When Nanette felt a sharp pain in her upper abdomen, she knew something wasn't right and asked her husband to call 999.
I’m Nanette, I’m 73, married with two children and two grandchildren. My husband, Steve, and I are retired and live in Scotland. We met at the Scottish Parachute Club. I joined thinking I’d meet a rich Scotsman but ended up with a poor Yorkshireman!
My first career was as a professional dancer in theatres, so I’ve always been fit and healthy. Later in life, I worked in occupational health nursing and helped Steve run our family business, a Foundry.
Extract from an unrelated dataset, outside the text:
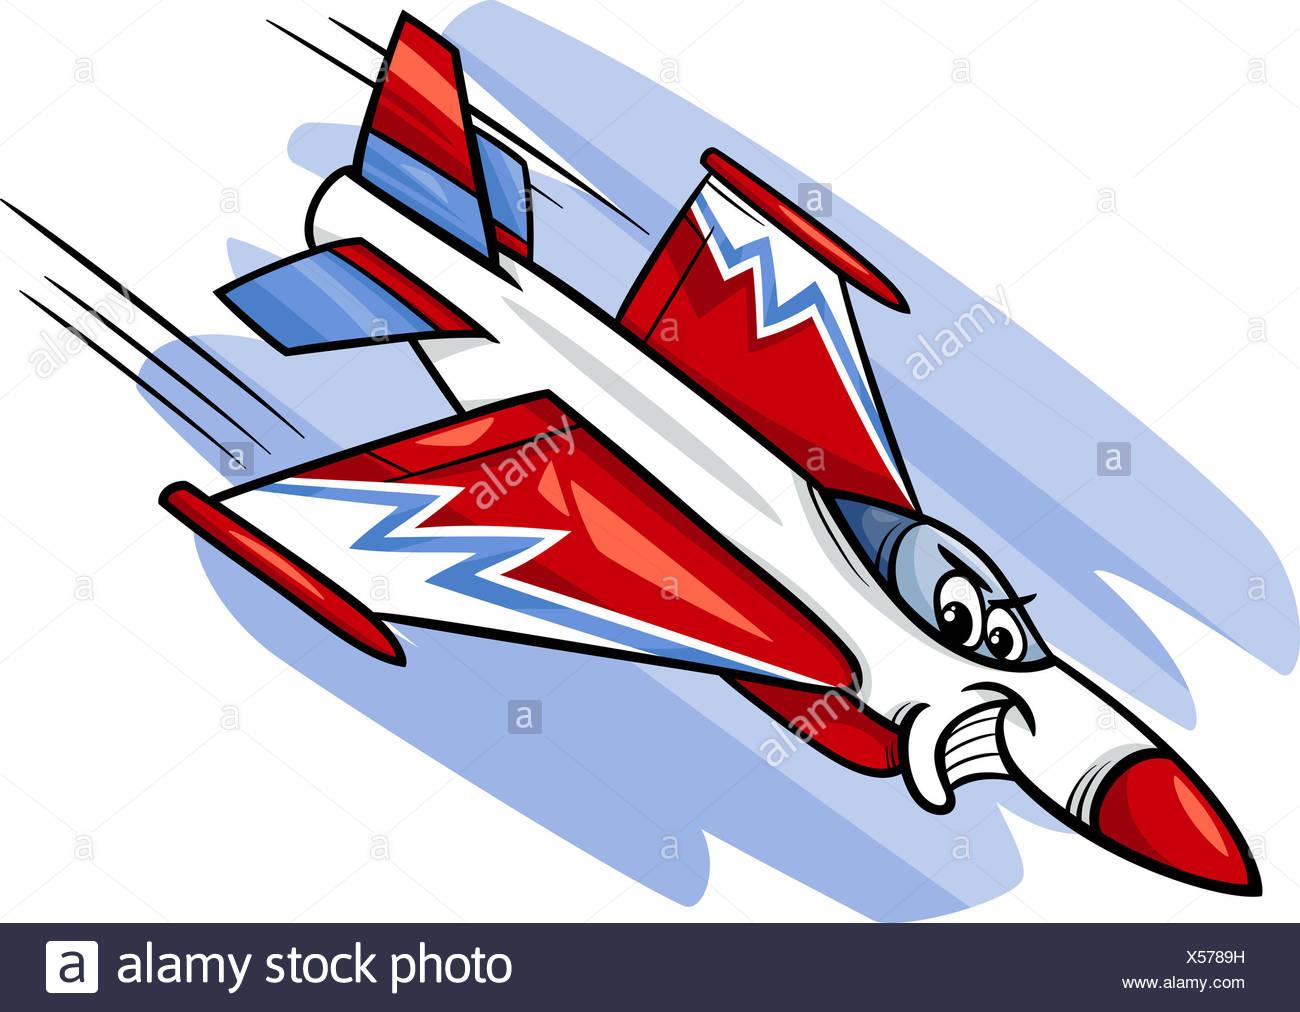 jet fighter plane cartoon illustration - Stock Image

I’d just returned home from delivering food to people with dementia (a group I volunteer for). I was changing back into ‘home’ clothes from ‘COVID’ clothes! I got a sudden, sharp pain in my upper abdomen. I thought it was indigestion, but it worsened very quickly. I have never in my life experienced a such pain.
I knew it was serious. I called out to Steve to call 999. He phoned the doctor and I could hear him going through the COVID questions. By now, I was on my hands and knees. I screamed at him to put the phone down and dial 999. My abdomen was swelling in front of my eyes and becoming hard. The pain was moving further up into my chest. I could hear a dreadful groaning, like an animal. I realised it was me.
Two ambulances later, I was on my way to A&E and was given morphine, which helped. Steve tried to come with me to hospital, but as this was February 2021, COVID restrictions were still in place. Steve became upset, and I remember watching him stood helplessly on the drive. I really believed that would be the last time I’d ever see him.
My time in hospital is mostly a blur. Time became warped. I remember conversations, but I don’t remember faces. I had severe acute necrotising pancreatitis, and I knew I was in trouble, but I couldn’t speak. I spent four weeks in intensive care. Doctors met with Steve, to prepare him for the possibility of me dying, as my organs were failing and my body was struggling to fight.
I’d developed delirium in intensive care. I had this overriding feeling that I was being held against my will and must escape. Steve said that at one point I even pulled all my lines and tubes out in attempt to escape! I’d hear people laughing in the corridor and I’d think, “They sound nice, they’ll come and save me.” As part of my treatment for this, Steve and Katy, our daughter, could visit me.
I remember the final two weeks in hospital a little better, when I was out of intensive care. It hit us just how close to death I was. I was finally allowed home in April. I watched back all the videos that our son John and the rest of the family had made for me whilst I was in intensive care. My family really fought my corner. My sister (a nurse in America) even called the hospital and gave them a few pointers. She said they were understanding.
The recovery was a long process. I was told it would take me a year to recover, which I didn’t believe. But it has. I went from jogging, swimming, dancing and walking daily, to not being able to hold a cup of tea. I was grateful that Katy had found Guts UK online, which helped us understand what had happened to me, and how to correctly take my prescription pancreatic enzymes. I felt I’d been left by my doctors and the hospital to just get on with it.
I had my gallbladder removed in June. They felt a gallstone had caused my pancreatitis, so wanted to remove my gallbladder to be on the safe side. I was in and out of hospital a lot, as I was still in constant pain and discomfort due to a pseudocyst that had formed.
My hospital were in touch with our nearest specialist hospital that could drain the pseudocyst, and my consultant fought for me to have this procedure. I had a stent fitted in October, a whole six months on from me leaving hospital. It was instant relief once the fluid and dead tissue was drained. I sat up and said, “I feel great!”
Unfortunately though I developed biliary sepsis in November. I felt so unwell. I remember telling Steve what I wanted him to do with my ashes. They tried removing the stent but it didn’t go to plan. Finally, a young Irish doctor (who looked more like a rugby player than a consultant) told me, “You’re going to get better from this”. I believed him. He retrieved my stent (which had popped out and gone on a wee road trip through my intestines), and I was back home.
I am so grateful to feel well again. I feel fantastic now. I have Type 3c diabetes and I still take pancreatic enzymes to help digest my food, but I feel so fortunate. I’m swimming again, and I am so grateful to be given a second chance. Guts UK’s Kranky Panky Campaign moves me to tears, and the thought of children suffering the pain I did, is hard to comprehend.
I wanted to share my story because we must find a treatment. I wanted to show people that you can recover from this, like I did. You can feel well again. There is hope. I appreciate all Guts UK do, and knowing that they’re there. Guts UK is a helpful resource that makes a huge difference.
There is no effective treatment for pancreatitis. There is no cure.
Guts UK is dedicated to finding an effective treatment, a cure for this misunderstood and underfunded condition. We are building a community affected by pancreatitis, comforted in knowing they’re not alone.